Black and white portrait of Ray Dalio: Narrator and Creator of Life Principles

Principles are ways of successfully dealing with reality to get what you want out of life.

Ray Dalio, one of the world’s most successful investors and entrepreneurs, cites principles as his key to success.

Work Principle

Use the following "drill-down" technique to gain an 80/20 understanding of a department or sub-department that is having problems.

A drill-down is a process that allows you to gain an understanding of the root causes of the biggest problems in a department or area so you can design a plan to make the area excellent. Drill-downs are not diagnoses, but a form of broad and deep probing. They're not intended to uncover the causes of every problem: only the 20 or so percent of causes that produce 80 percent of the suboptimal effects. A drill-down takes place in two steps and is then followed by design and execution steps. If done well, the two drill-down steps can be done in about four hours. It is very important that the steps be done separately and independently, so as not to go in too many directions at once. Let me take you through the drill-down process, offering guidance and examples for each step.

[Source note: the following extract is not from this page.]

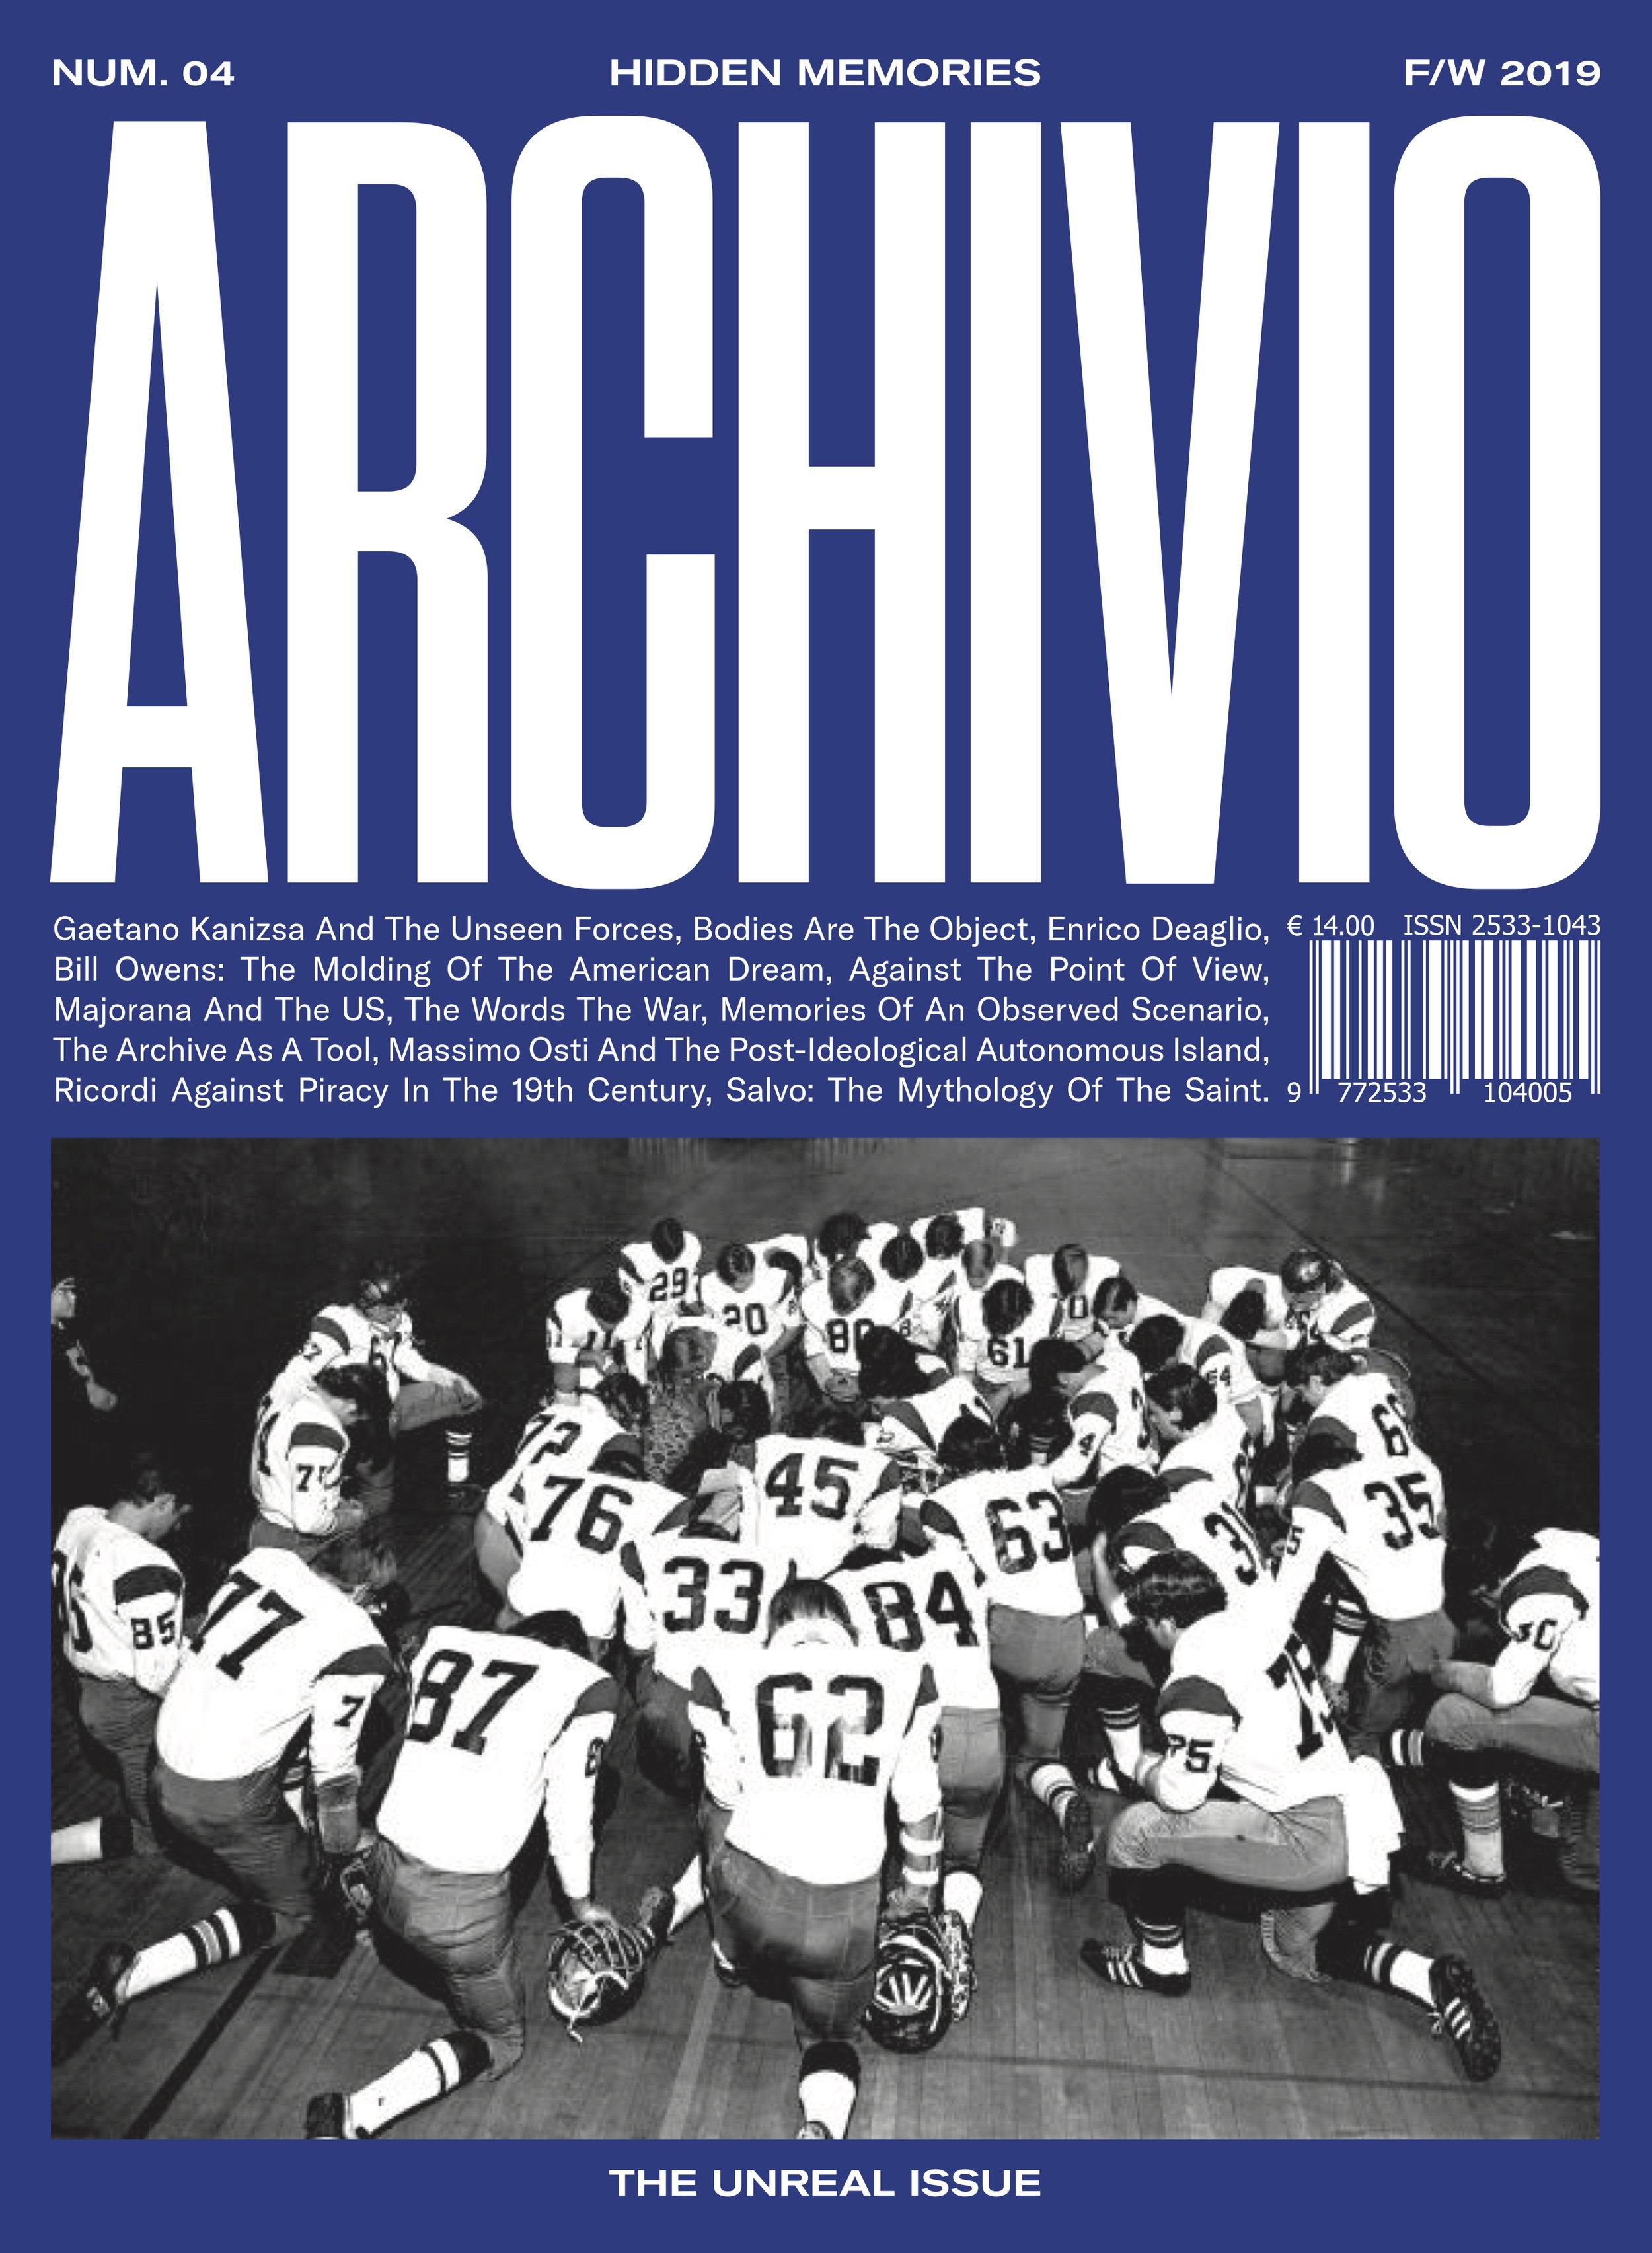 Archivio_Cover_Giusta.jpg

Step 1: List the Problems. Quickly inventory all the core problems. Be very specific, as this is the only way to effectively find solutions. Don't generalize or use the plural "we" or "they." Name the names of the people experiencing the problems.

  • Have all the relevant people from the area under scrutiny participate in the drill-down; you will benefit from their insights and it will drive their ownership of the solution.
  • Don't focus on rare events or the trivial problems--nothing is perfect--but be sure they are not symptoms of systematic machine problems.
  • Don't try to find solutions yet. Your focus in this step is strictly on listing the problems.

Step 2: Identify the Root Causes. For each problem, identify the deepseated reason behind the actions that caused each problem. Most problems happen for one of two reasons: 1) It isn't clear who the Responsible Party is, or 2) The Responsible Party isn't handling his/ her responsibilities well.

You must distinguish proximate causes from root causes. Proximate causes are the reasons or actions that led to the problem. When you start describing the qualities behind these reasons or actions, you are getting closer to the root cause.

To get at the root cause, keep asking "Why?" For example:


The team is continually working late and is on the verge of burning out.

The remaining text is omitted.